Oops, looks like we went with option 2 which blocks access to wireserver for ContainerAdministrator
users.
update: went with option two, adding a group. The blocks access to the wireserver for conatineradministrator and allows for adding permissions for other users/apps.
I'm not sure how to give contiainers access to wireserver without allowing all contianers running as containerdministrator access.
I spoke with @jsturtevant and I think the right course of action here is to run the csi-driver containers as HostProcess containers. We can run HostProcess containers as system accounts on the node which can be part of the security group that have wireserver access and also would not require any updates to the csi-driver binaries/logic.

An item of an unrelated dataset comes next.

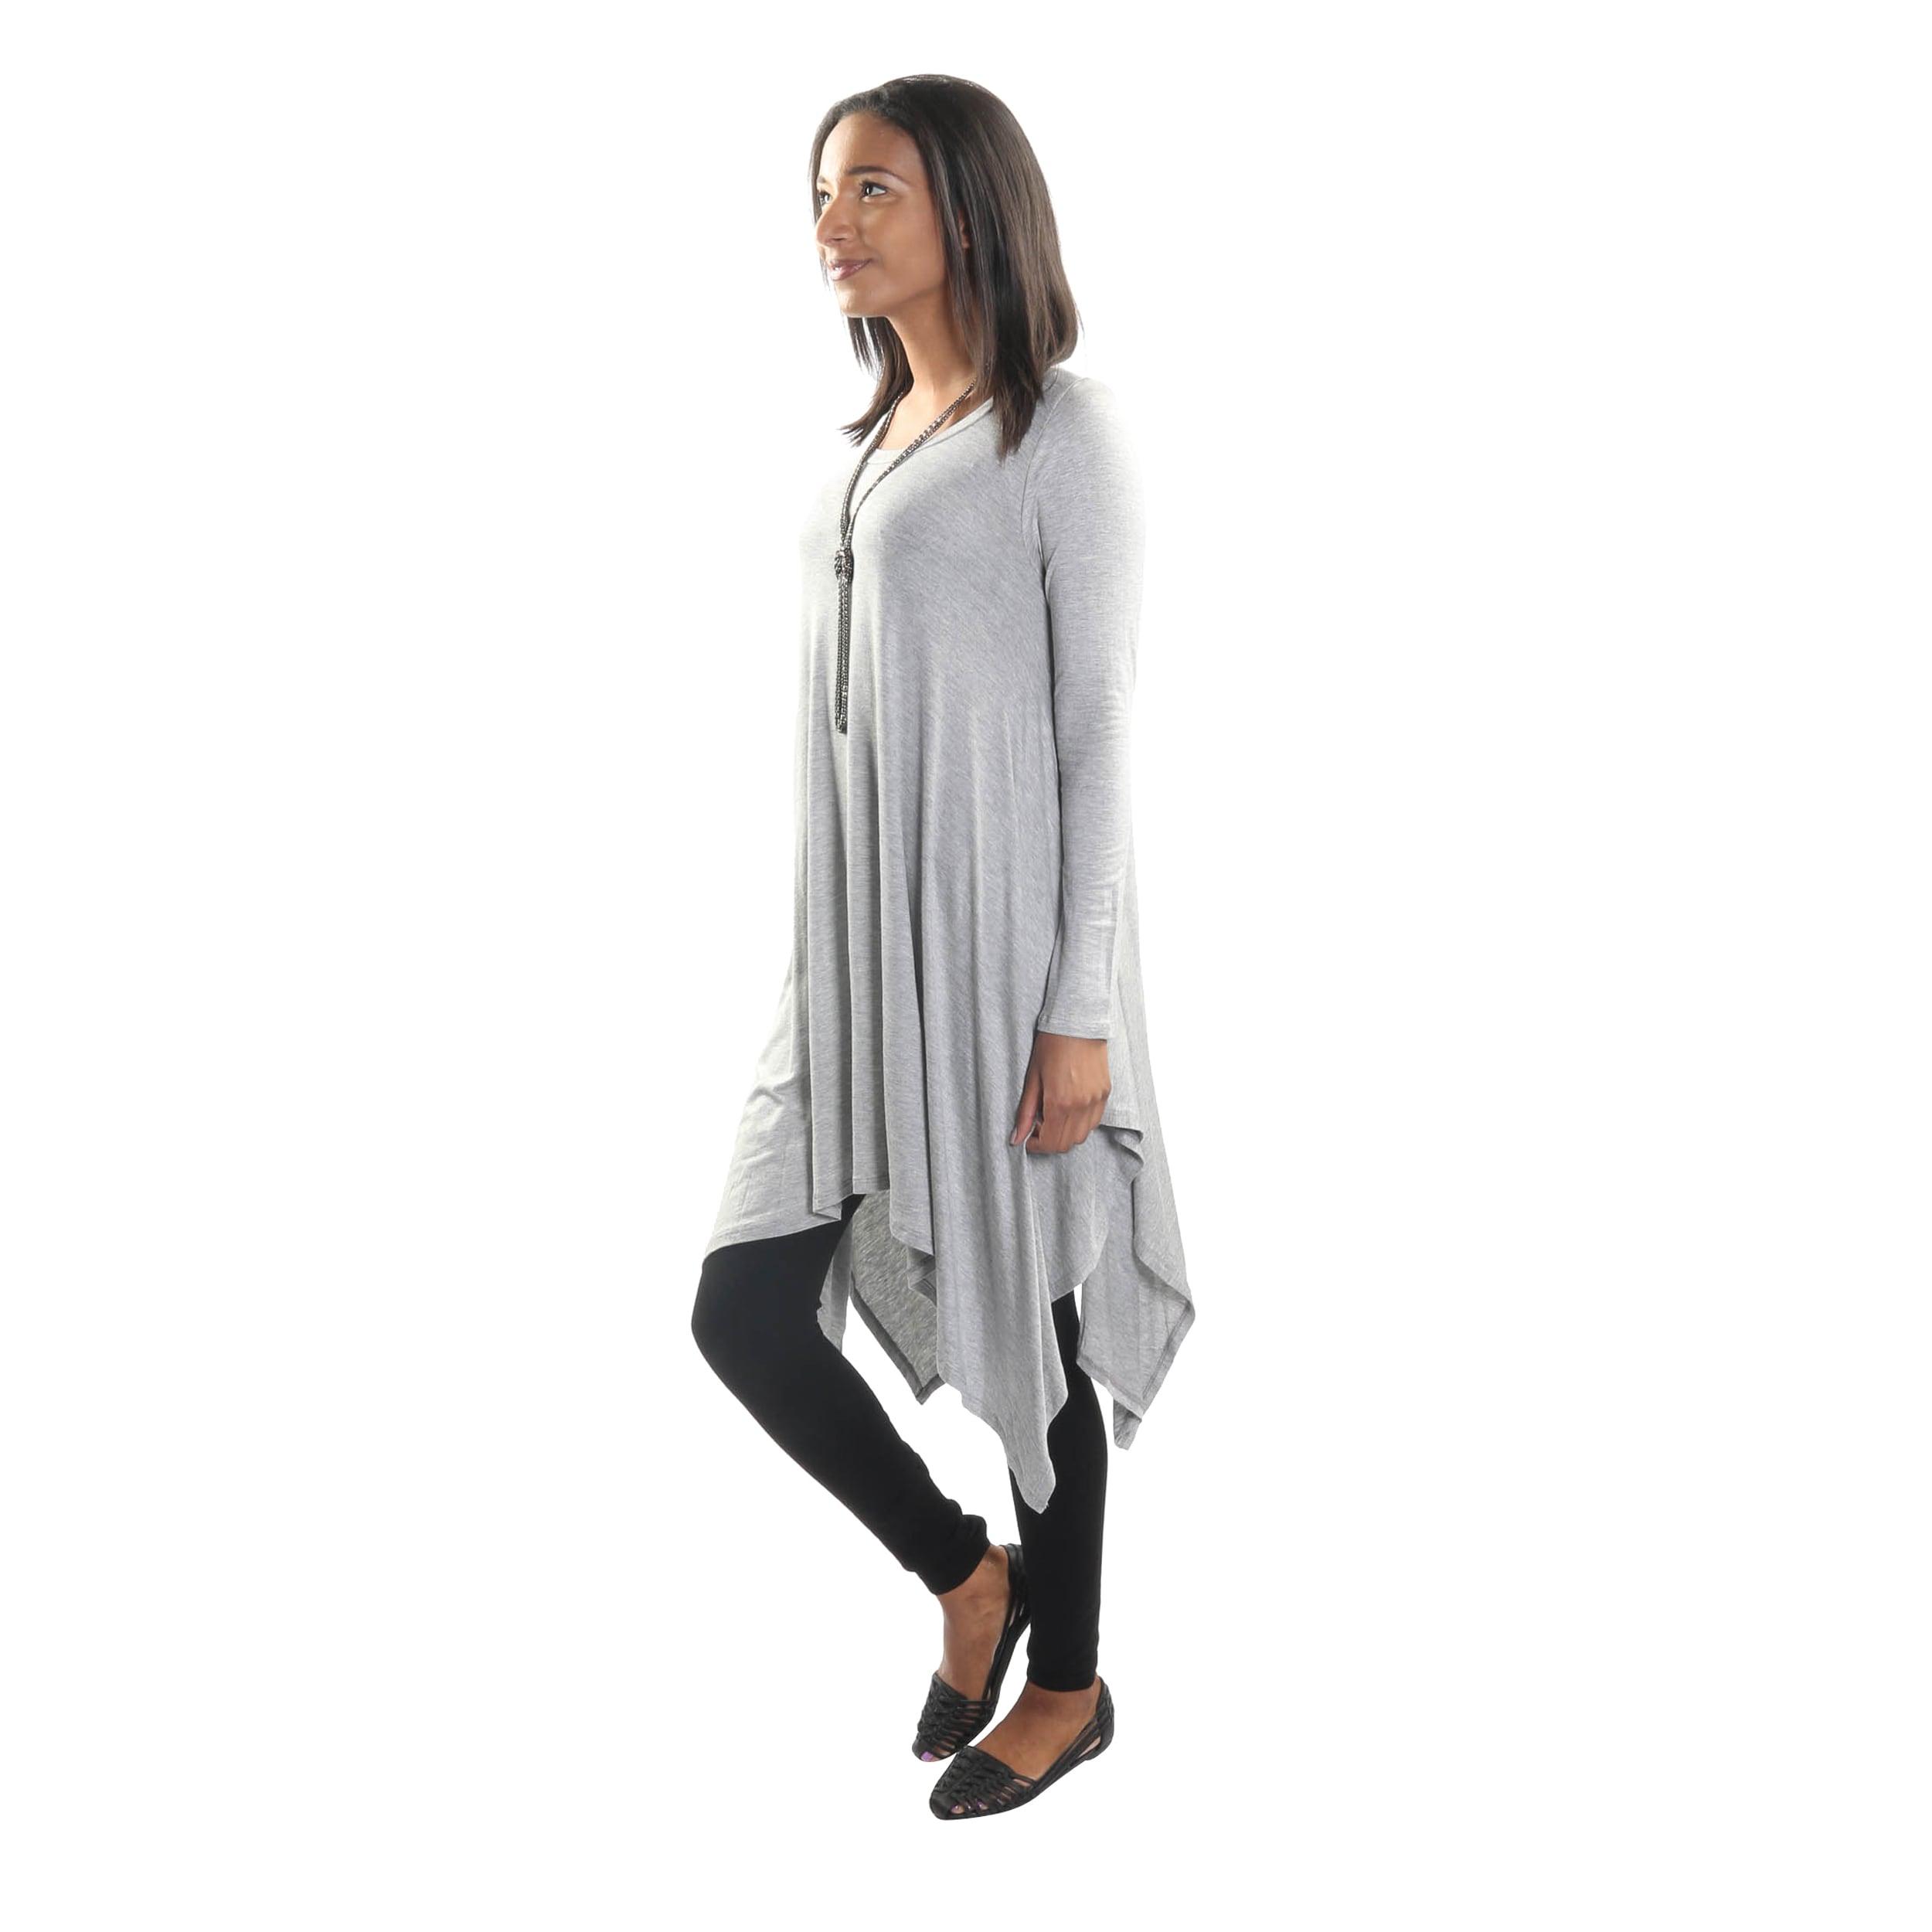 3213f8f92c90 Shop Hadari Women's Long Sleeve Round Neck Dress - Free Shipping On ...

I am curious how this works on Linux. Is wireserver access blocked for all containers on linux? I noticed in the deployment files that the containers use Host networking. Does that allow access to wireserver?
All traffic on port 80 is blocked. hostNetwork-enabled containers are still be able to reach wireserver.

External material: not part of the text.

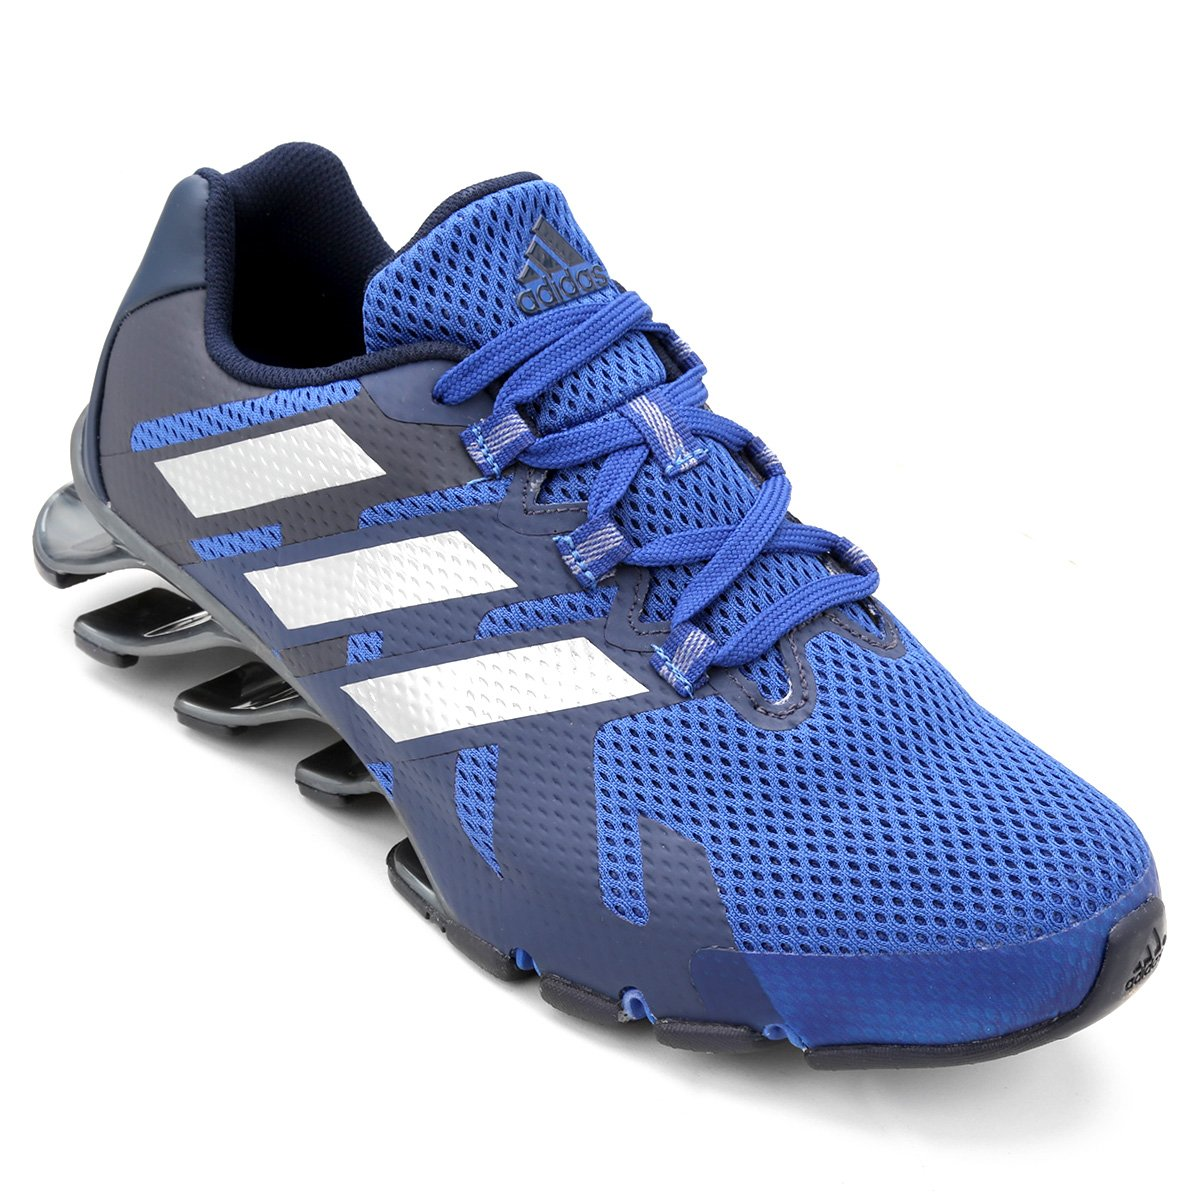 b887a90633a Tenis Adidas Springblade Eforce m

Why does CSI driver need access to the wireserver? To clarify the fix we implemented does not block IMDS (169.256.169.254). Rather, we block Wireserver endpoint (168.63.129.16).
cc @weinong
Oops, sorry I mixed ups IMDS and wireserver. I'm not sure why IMDS access is blocked here.
@jsturtevant do we need to manually create a route for IMDS endpoints for calico? I see https://github.com/kubernetes-sigs/sig-windows-tools/blob/42d4411003b94e086356f891b278d452fc8f50e8/hostprocess/flannel/flanneld/start.ps1#L28-L31 for flannel (running with host-process containers) but not for calico.
All traffic on port 80 is blocked. hostNetwork-enabled containers are still be able to reach wireserver.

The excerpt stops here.